At 01:00 05/11/2003 -0400, you wrote:
I dont
understand your logic.
Logic plays no role...
[snip]
If it is running ONLY because no one knows its running
AND no one knows
it exists... then its a mute point. If a tree falls in the woods...
^^^^^^^^^^ & ^^^^^^^^^^^^^^^^^^^^^^^^^^^
Was the pun intended? The term is "moot point" -- to be "mute" is to
be
unable to speak/make sounds, which does tie into the original quote, which
IIRC is "If a tree falls in the woods, and no-one is around to hear it,
does it make a _sound_. Sound is merely a disturbance in a medium (in this
instance, air) within an audible range. The fact that the tree disturbed
the medium is all that matters, so the answer is "yes..."
... Which is why I had a notebook in college which had a much more
thought-provoking quote: "If a tree falls in the woods, and no-one is
around to hear it, does anybody give a shit?" ;-)

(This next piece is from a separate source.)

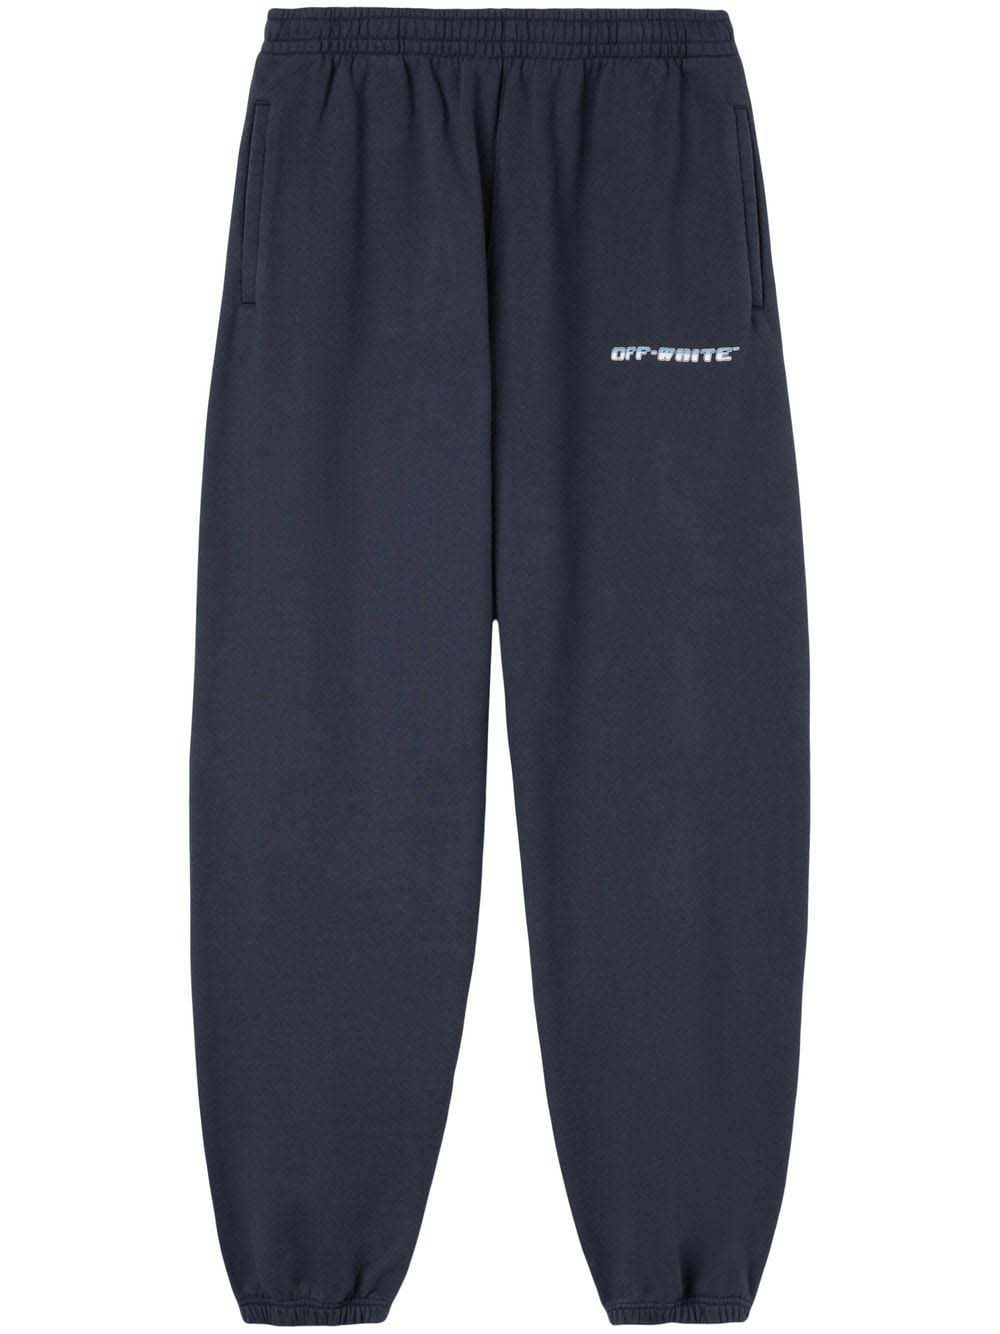 OFF-WHITE Between Arrow Slim Sweatpants Outerspace/White

Although, I would still, for my original question,
consider it not valid.
Because it isn't in normal use....
Define "Normal" -- If you can't define "normal" to us, and can
accept or
dismiss anything any way you like, then we cannot give you a logical answer
to your original question and the entire discussion up to this point is
moot. ("Mute? Unless you're using text-to-speech software, I doubt you're
hearing this... ;-)
But for my first question, 'm looking for the type
of answer along the
lines of "Company XXX still uses YYY for their ZZZ process".
So, does that leave the gubbermint out? A different poster had postulated
(and I'm paraphrasing - I don't have the original...) " The gubbermint has
so much money that they replace everything every few years. " Bzzt! Anyone
who has actually done time in the military (read: gubbermint) knows that
there's *still* Civil-war surplus floating around...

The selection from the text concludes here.